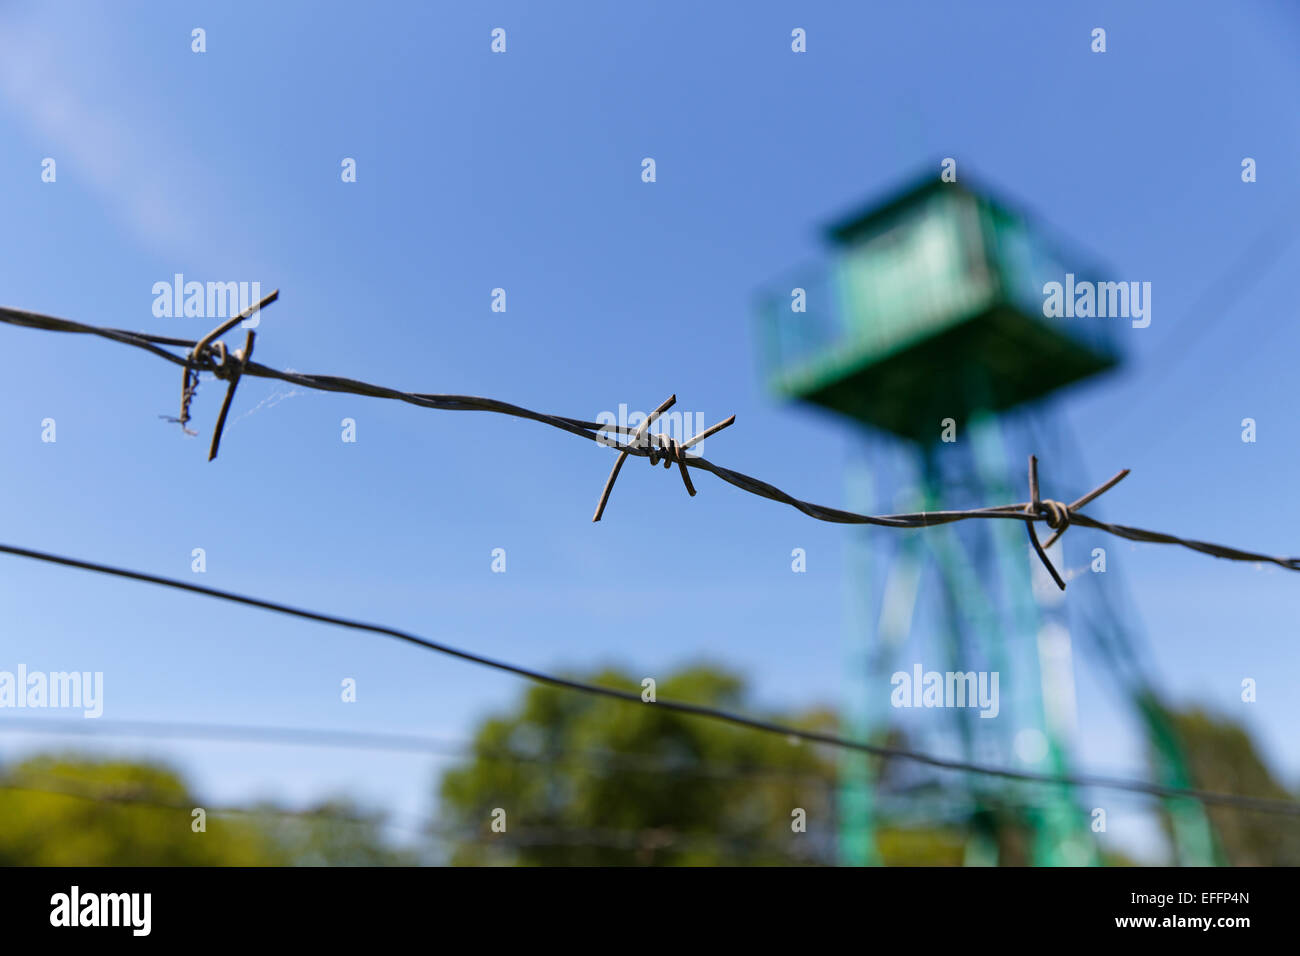 Austria, Burgenland, Bildein, detail of barbed wire fence Stock Photo
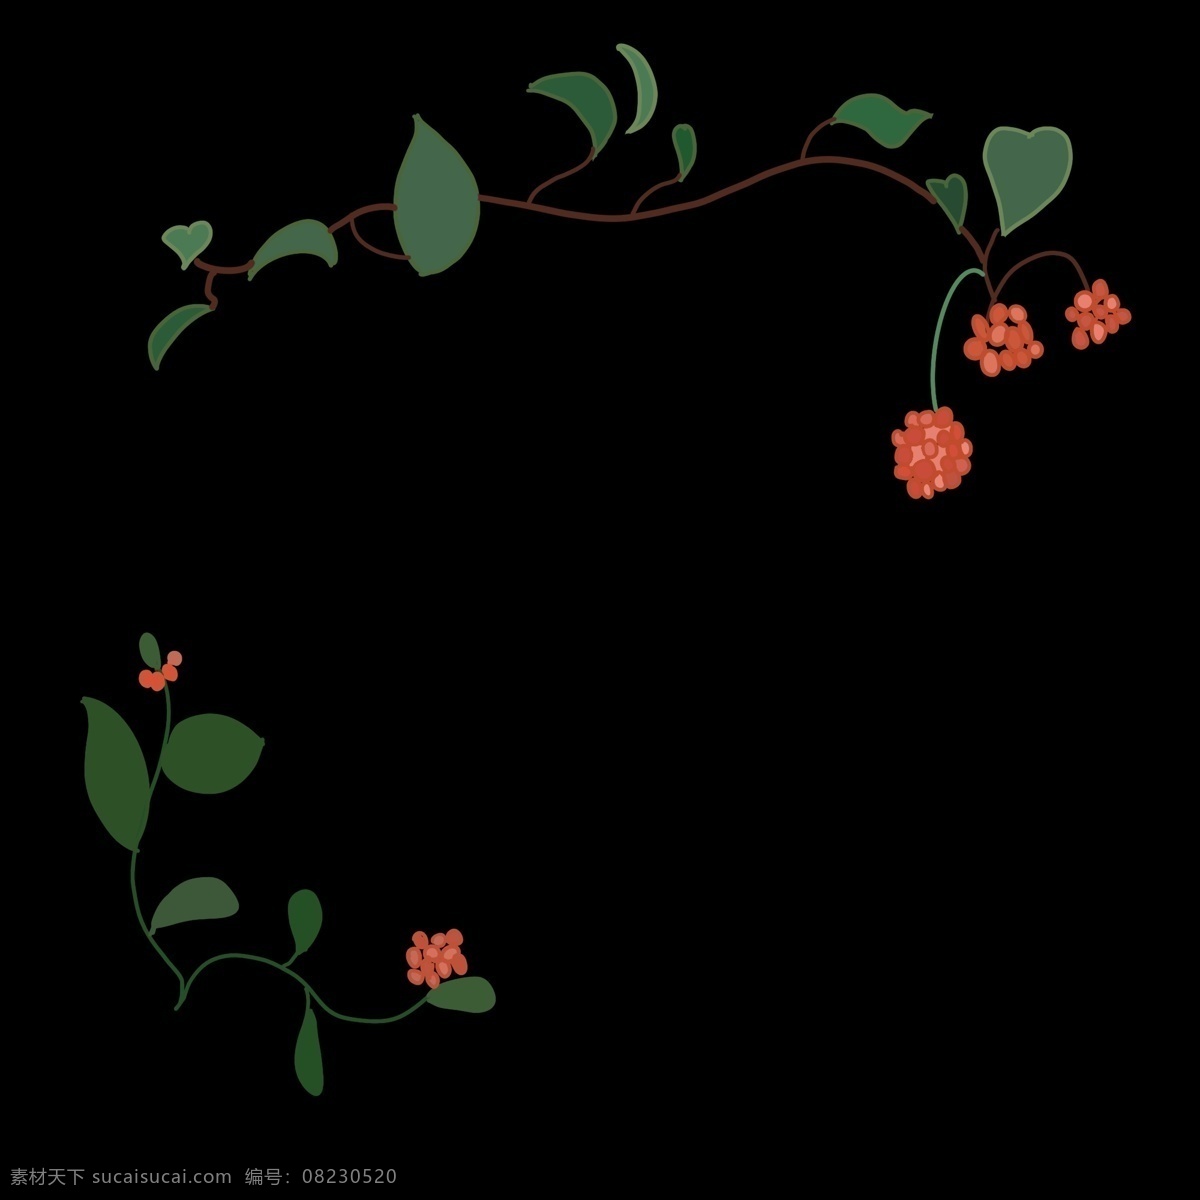 鲜花 花朵 花 藤 边框 鲜花的花藤 卡通边框 小物边框 植物边框 叶子边框 美丽边框 红色的花朵
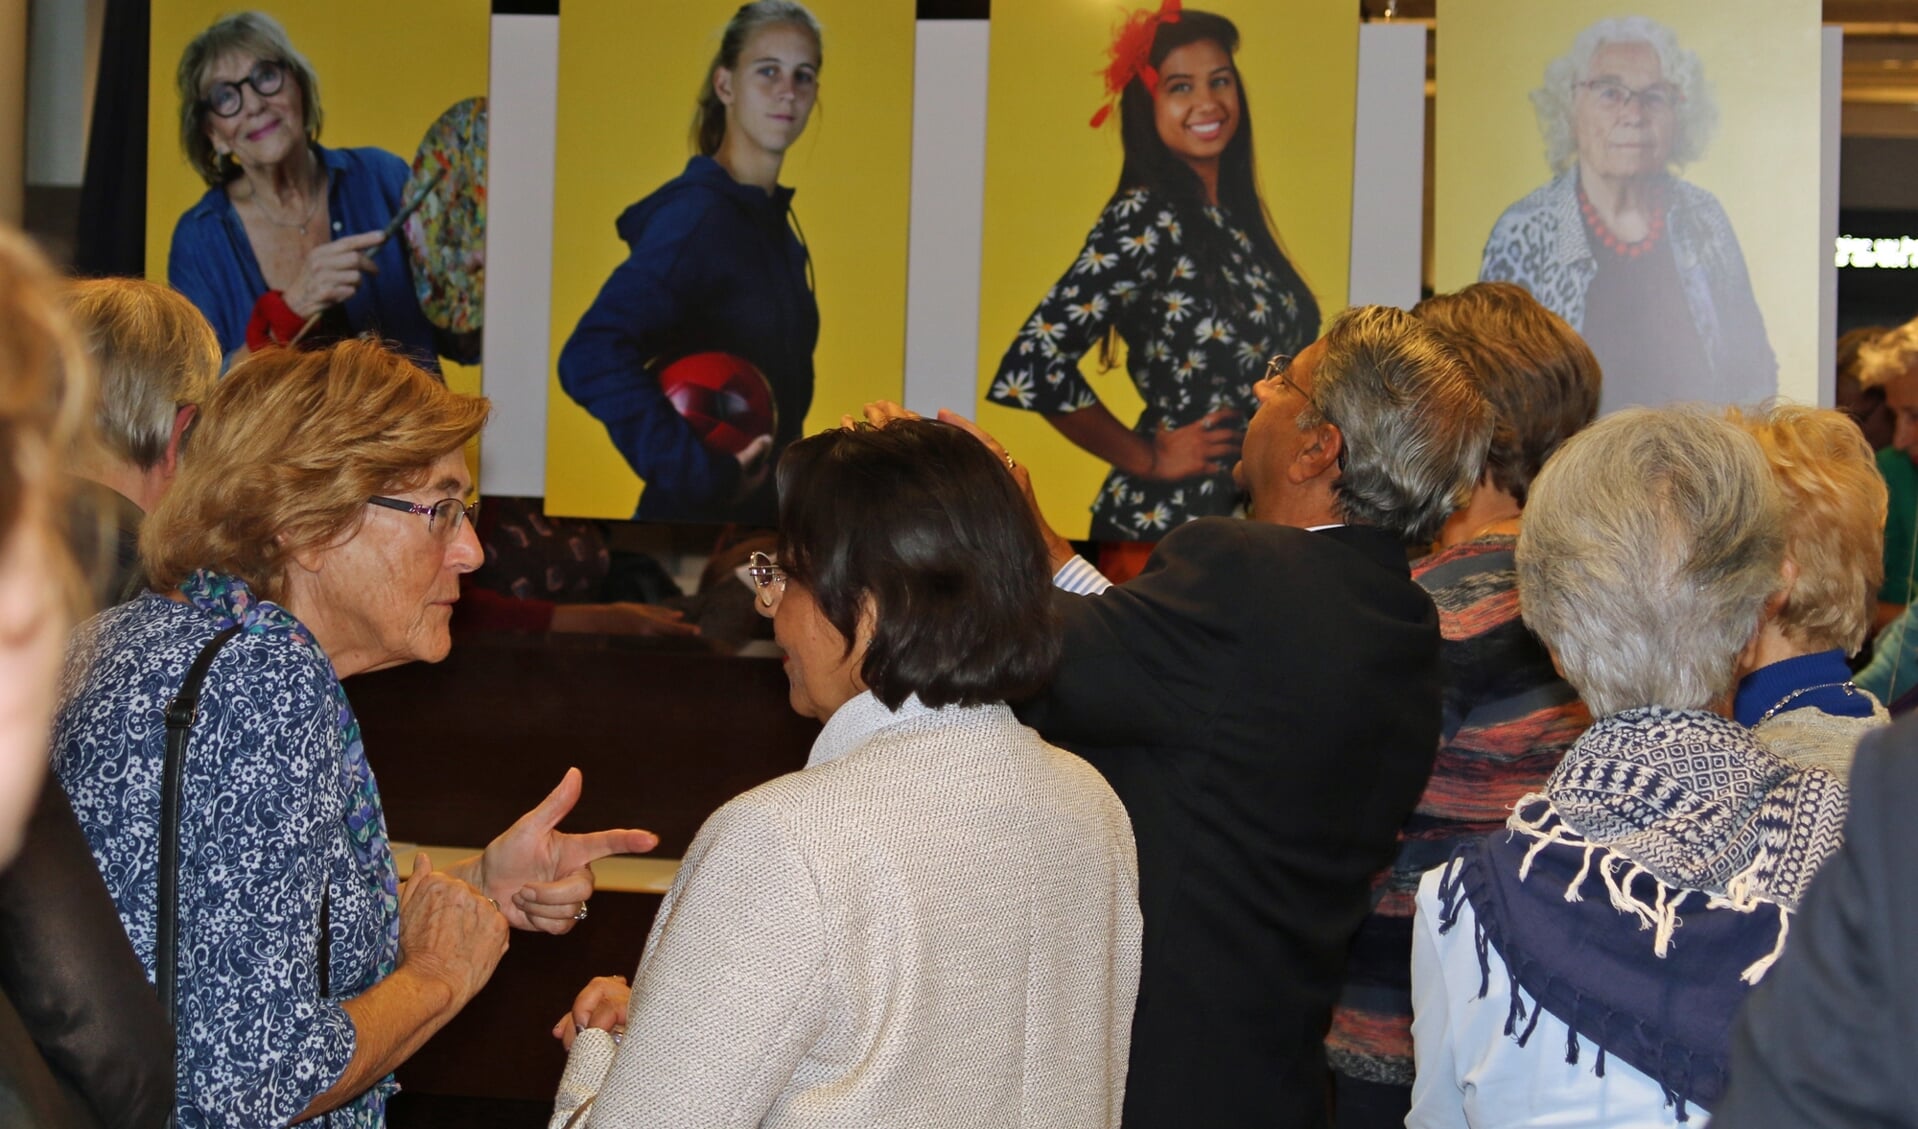 Bezoekers van de opening bekijken en bespreken de foto's van de heldinnen.

◆ **Your instructions**
Set down the material above word for word and skip its pictures.

◆ **Result**
 Austria, Burgenland, Bildein, detail of barbed wire fence Stock Photo
 鲜花 花朵 花 藤 边框 鲜花的花藤 卡通边框 小物边框 植物边框 叶子边框 美丽边框 红色的花朵
 Bezoekers van de opening bekijken en bespreken de foto's van de heldinnen.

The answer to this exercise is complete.